Noted and NP, Brother Umb.
Umbran said:
It is sticky, in the sense that in some ways it isn't fair. I'm pretty sure this isn't a mere popularity contest. Looking at the top dogs in the race, it's fairly clear that they are higly qualified. Many of the traits that make them qualified are what make them popular people on these boards. Is it fair to tell the community that they shouldn't have the most qualified judges? That in all likelyhood, the majority of the judges will be taken from the folks they probably feel are less qualified?
Fair or unfair is a conclusion that cannot be drawn without knowing exactly who voted for whom, and why. Truly most of the candidates are probably overqualified for the task. No one is saying the community shouldn't have qualified judges, and indeed the most qualified, but I am not convinced that most of the people on the list don't fall into the category of most qualified. I'm just considering the field of most qualified to be broader than you seem to be supposing. I'd rather, if you plan to be devil's advocate, that you do not attribute such assumptions to me as you are doing. That's not debating the issue, that's debating my motives, and I do not think that you really want to debate my motives (judging by what you have said regarding playing devil's advocate.) Fair enough? Then let's continue...
Umbran said:
We asked the community who it was they wanted as judges, and these are the people chosen. If the community at large felt that they didn't want incumbents, they wouldn't have voted for them.
I'm guessing that not many people chose all incumbants, though certainly a few people may have. It is also more likely to me that if someone has chosen an incumbant they have done so because they were familiar, not necessarily because they wish to have a full membership committee of incumbants.
Umbran said:
You cannot legislate commitment. Either the people behind the awards are committed to new blood, or they are not. Your proposed rule won't change what they think. And if the Ennies are supposed to be vox populi (or vox academy), then is it right to bend the judging into something the academy is clearly not supporting now?
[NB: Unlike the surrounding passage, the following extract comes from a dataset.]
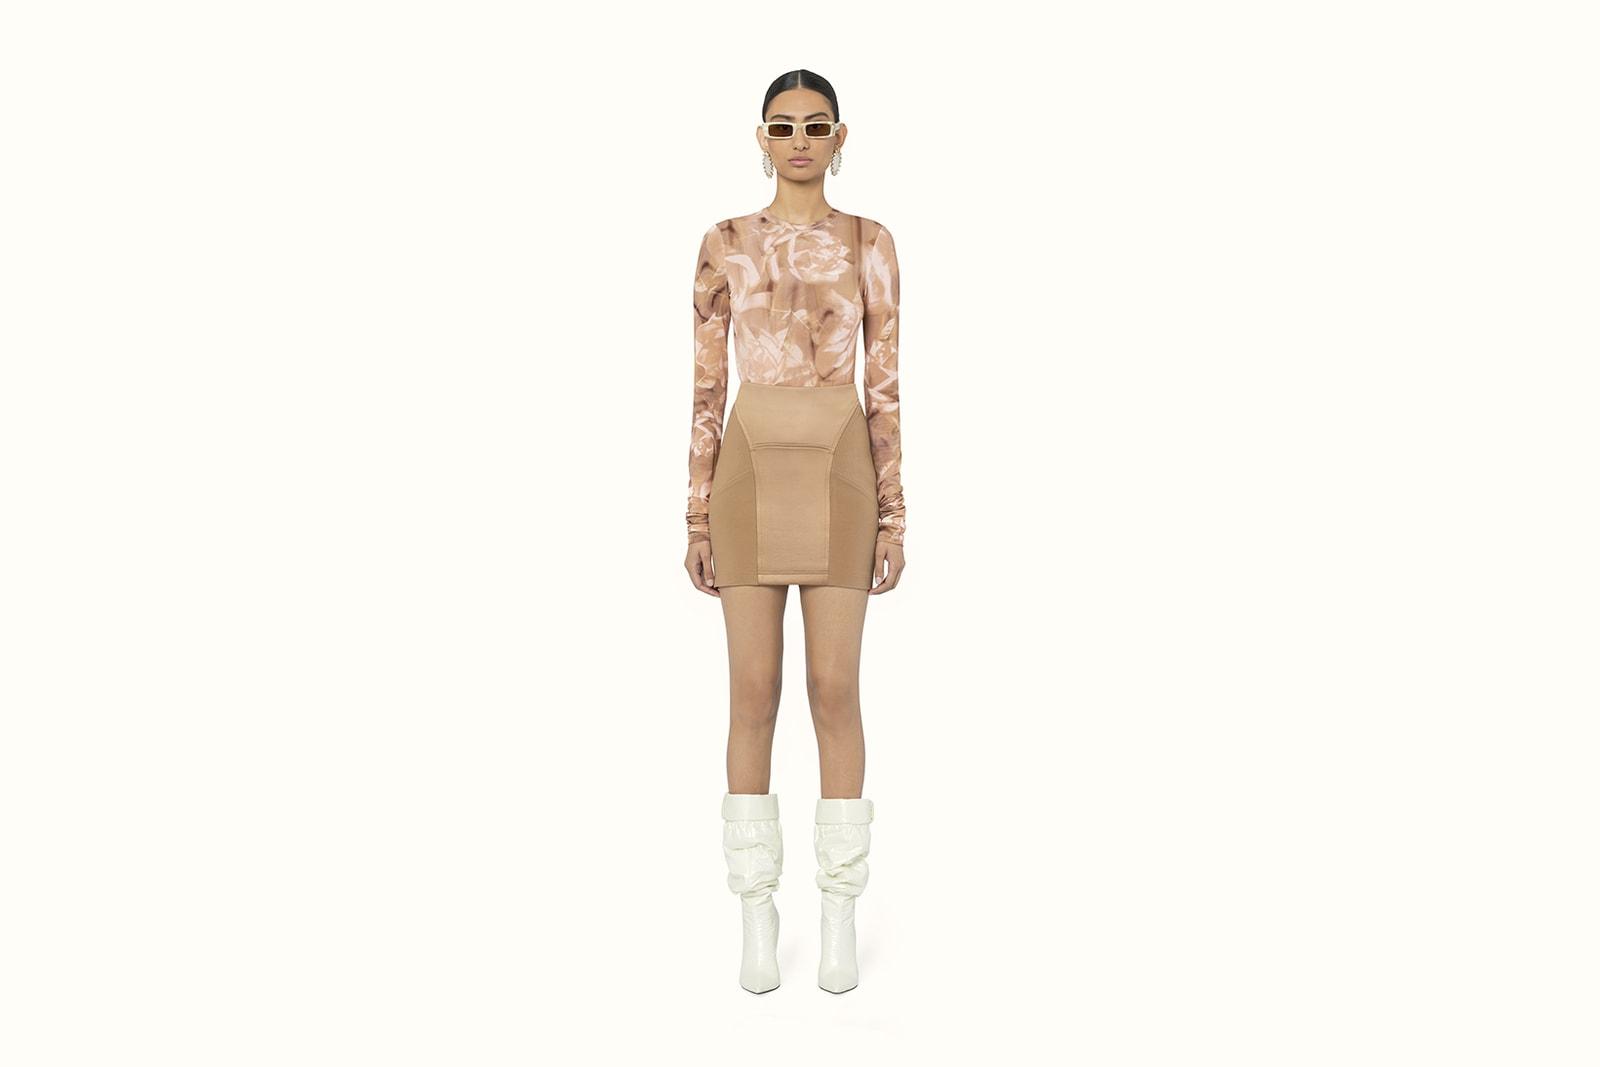 Rihanna FENTY City Bloom Campaign Collection Katsu Naito

It is also likely that people are committed to new blood but that they just have not all decided that the same new blood is the best new blood. This leads each individual new blood candidate to be getting less votes than those who are familiar. It's easy enough to say that we should just keep the same committee members for as long as they choose to serve, but if this were truly what people wished, then no new blood candidates would have offered to serve nor have any votes at all, right?
Let's look at the numbers, then...
Of the 1283 votes cast, less than forty percent have been cast for incumbants, and less than fifty percent have been cast for people who have served in any previous year. This is how I arrived at my suggestion of 60% new blood. Clearly the desire seems to be for new blood to some degree and I was willing to let the numbers speak to that issue, regardless of how the actual voting fell in the end, because of the various reasons I have given. It's not that the people are of one mind and therefore choose incumbants, it is that the field is so broad, and there are so many new blood candidates, that when the tallies are done the wish for roughly 60% new blood isn't reflected in the final results, IMO. That's not legislating something that the people do not desire, that's setting up a policy to guarentee their desires, at least to some extent.